The attention of a state Medical Association scares the hell out of doctors. State MAs can make life a living hell for those who step out of line. In California, the medical association has decided to leave the decision to the doctor and patient concerning the medical use of marijuana. You can read their position here. On the other hand, not one of the dozen courageous doctors I see will write a "recommendation" for medical marijuana for me or for any of their other patients.

Therefore, yesterday I drove from San Diego to Dana Point to see a doctor who works in an outfit called Medical Marijuana of San Diego. There are similar, related facilities in Hawaii, Los Angeles, Santa Barbara and Dana Point (in Orange County). Now, this is only my opinion, and I may be wrong, but perhaps one look may suggest to you that they are supported by more than just the stream of youngsters with pasty, diseased skin who flood the waiting room with wads of $100 and medical records in their sweaty hands that suggest they have vague neurological disorders. I, insofar as I could tell, was the only truly ill person there.
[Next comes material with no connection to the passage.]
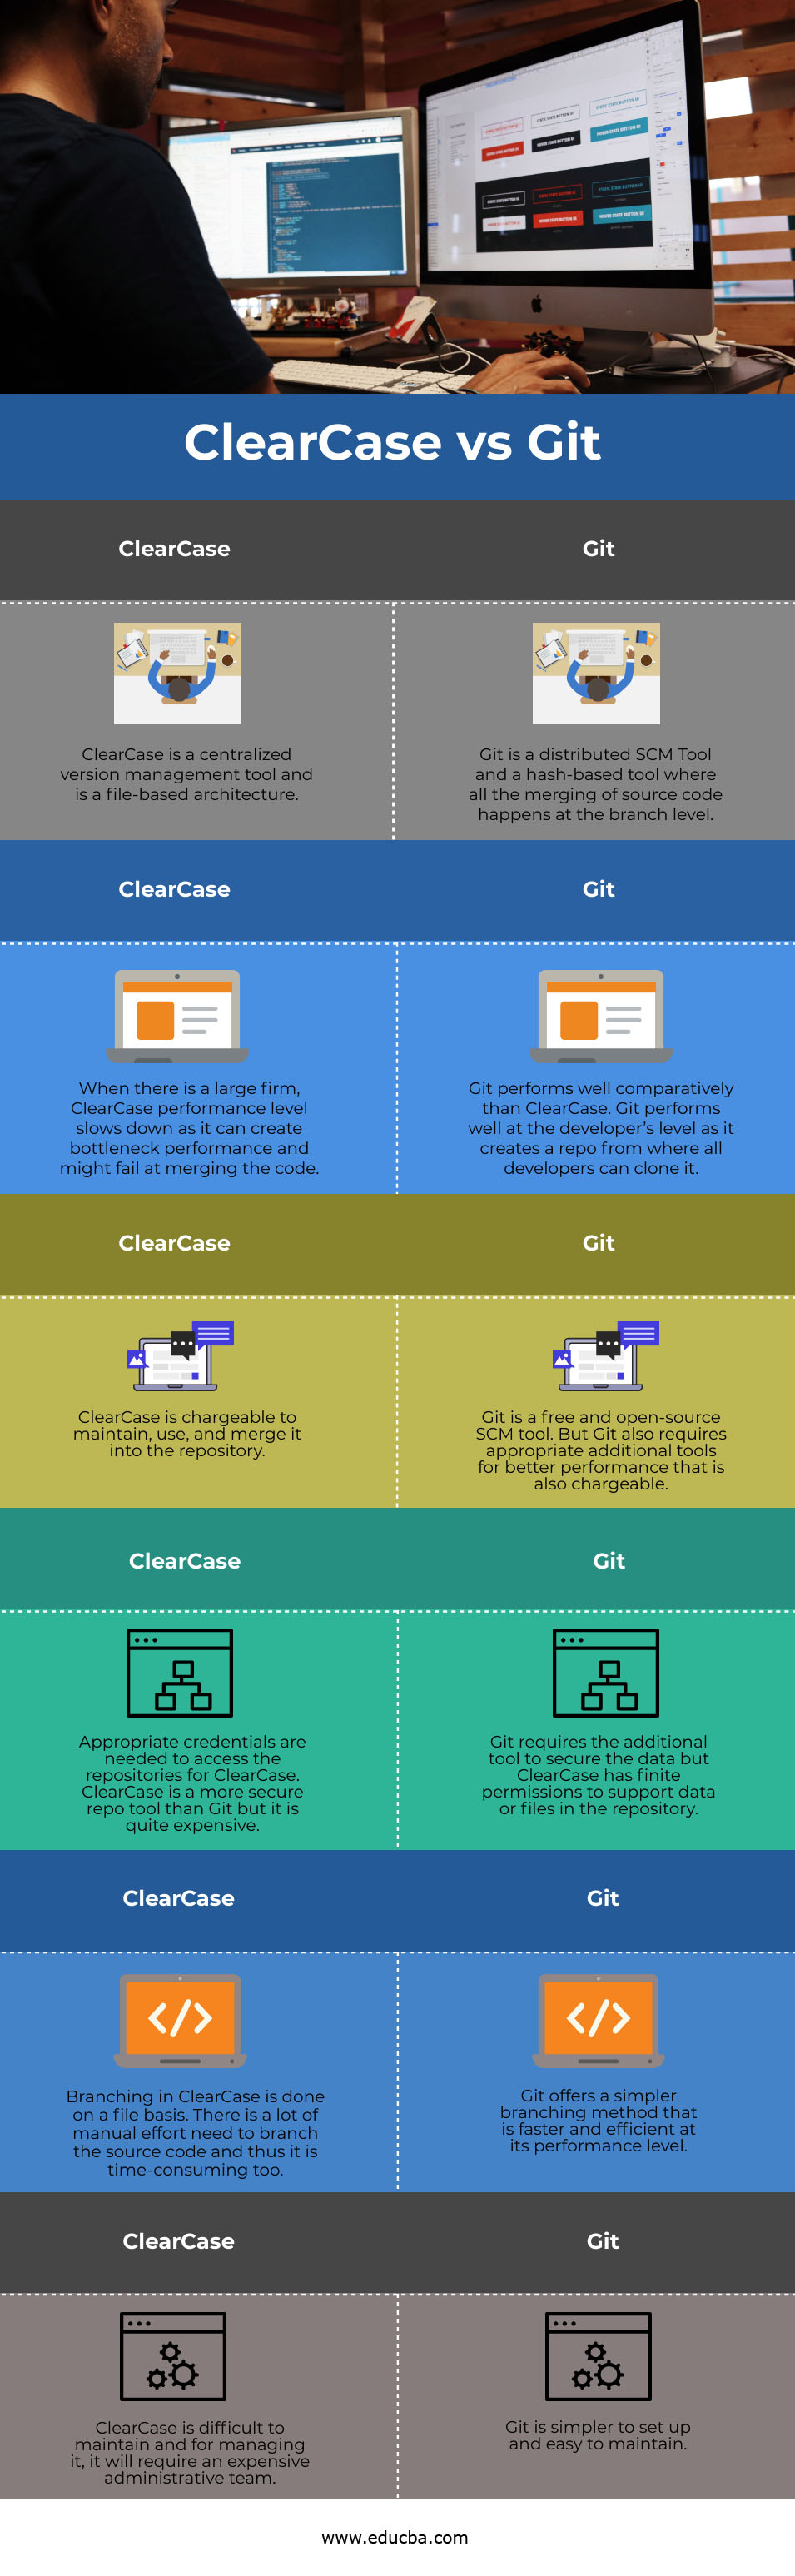 ClearCase vs Git info

What they do is accept and document patients, write recommendations for marijuana, and maintain a system whereby dispensaries can verify in real time that a patient has been examined, recommended, and documented. Oh, and you get a legally meaningless ID card that wouldn't impress a DEA agent for one second.

I left with a certificate (the card will come later in the mail), which you can see here, and was met in the parking lot by a thoroughly unrelated twenty-something girl with diseased, pasty skin who gave me a map to a nearby dispensary. The good folks at the clinic are not allowed to recommend dispensaries, or so the flamboyantly gay male nurse told me. The facility makes every effort to abide by a set of rules (the law) that allow them to operate without law-enforcement interference. No one involved is guilty of so much as a parking ticket, and the California Medical Association can't find fault either, much as they would like to.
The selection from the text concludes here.